On 3/14/2012 4:49 PM, Arnaud Delobelle wrote:
On 14 March 2012 20:37, Croepha<croe...@gmail.com> wrote:
Which is preferred:
for value in list:
if not value is another_value:
value.do_something()
break
Do you really mean 'is' or '=='?
If you mean x is not y, write it that way.

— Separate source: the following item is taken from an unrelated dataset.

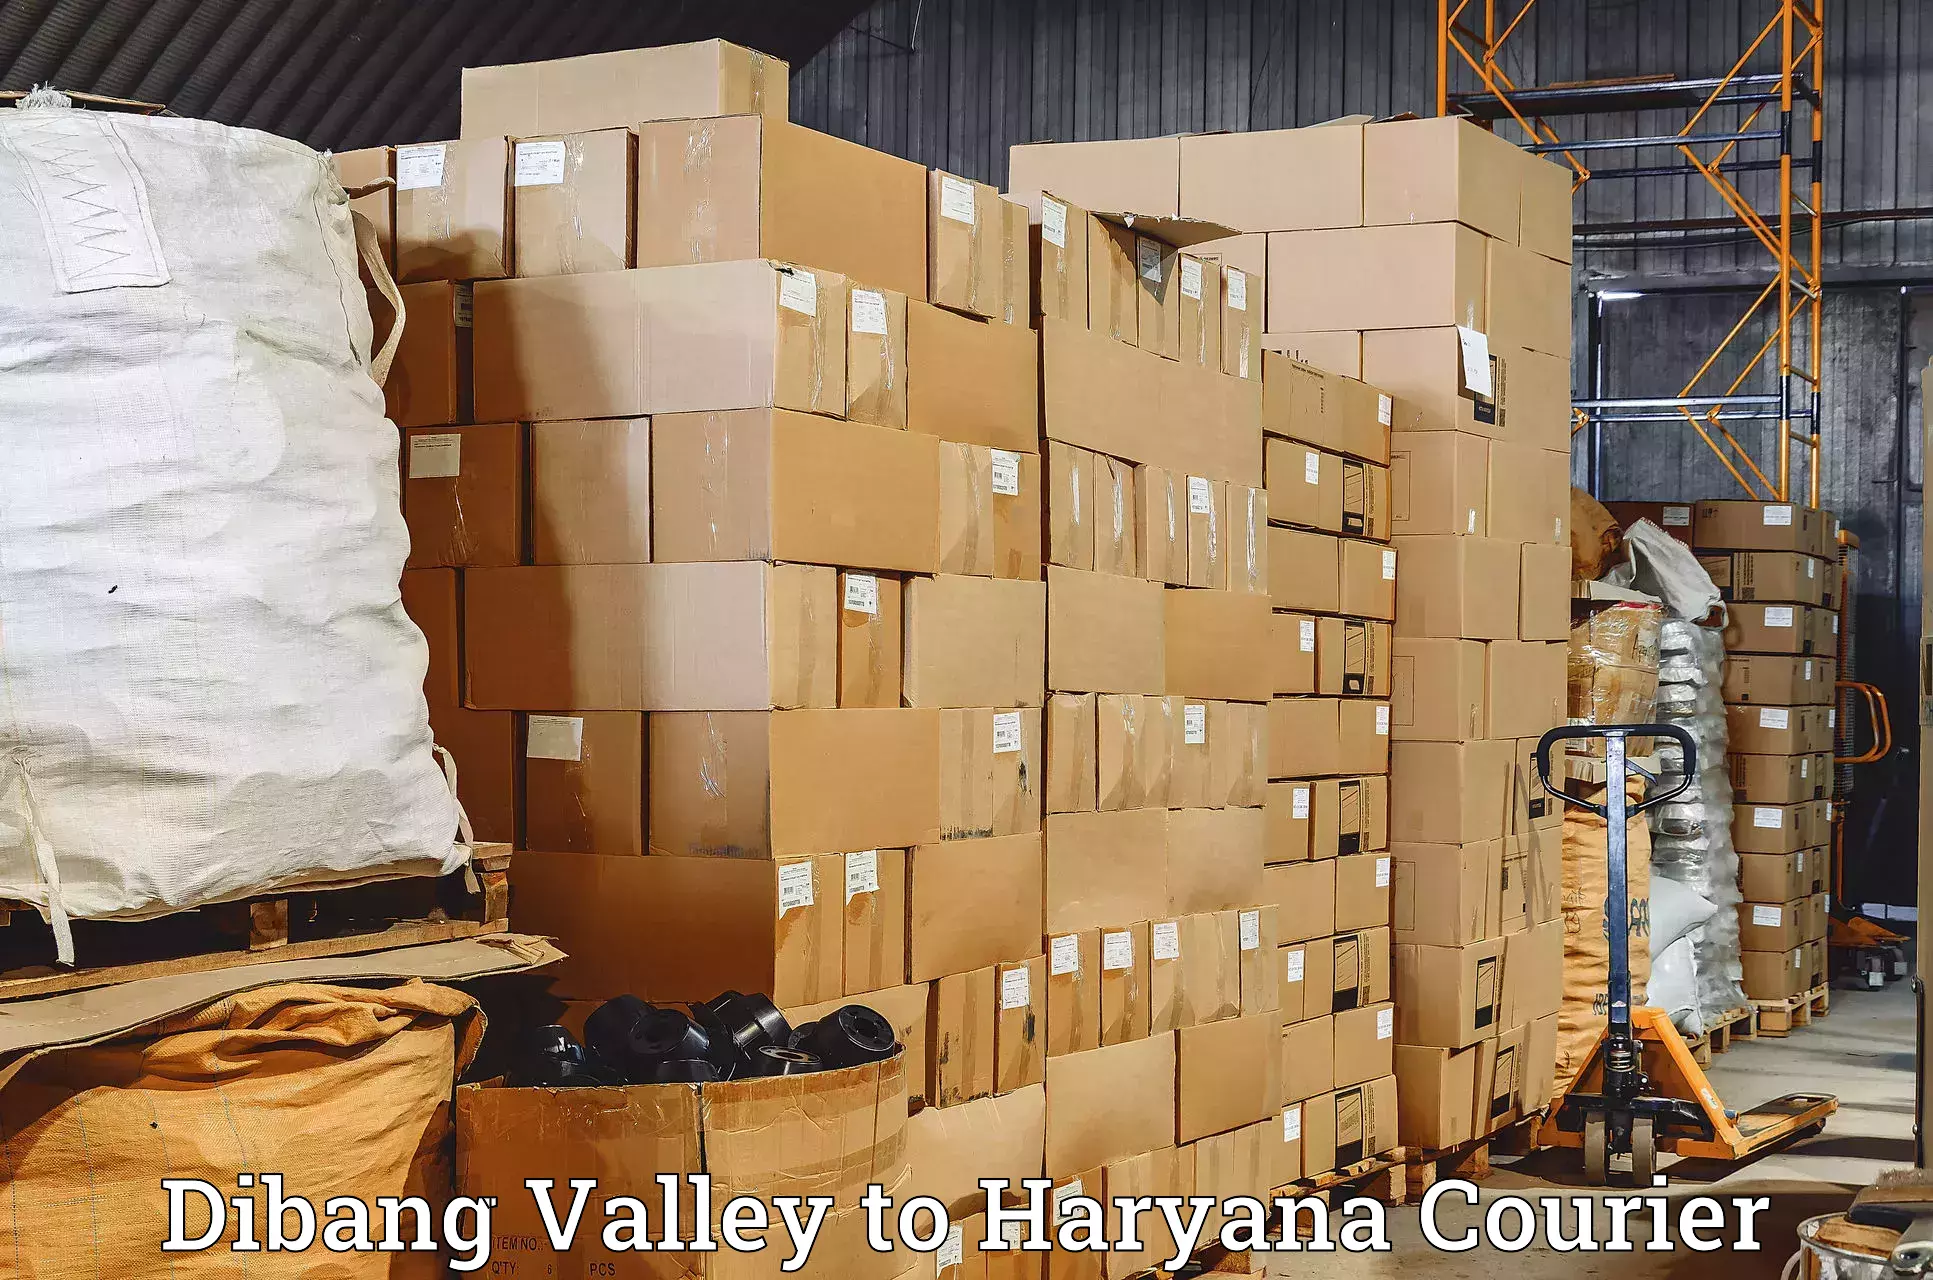 Global shipping solutions Dibang Valley to Gohana

'not x is y' can be misread and misunderstood, depending on whether
the 'is' is true or not.
>>> not 1 is 1
False
>>> not (1 is 1)
False
>>> (not 1) is 1
False
Does not matter how read.
>>> not (1 is 0)
True
>>> (not 1) is 0
False
>>> not 1 is 0
True
Does matter how read.
if list and not list[0] is another_value:
list[0].do_something()
Or
try:
value = mylist[0]
if value is not another_value: value.dosomething
except IndexError:
pass
I would not do this in this case of index 0, but if the index were a
complicated expression or expensive function call, making 'if list' an
inadequate test, I might.
Hard to say, since they don't do the same thing :)
I suspect you meant:
for value in list:
if not value is another_value:
value.do_something()
break
I always feel uncomfortable with this because it's misleading: a loop
that never loops.
I agree. Please do not do this in public ;-).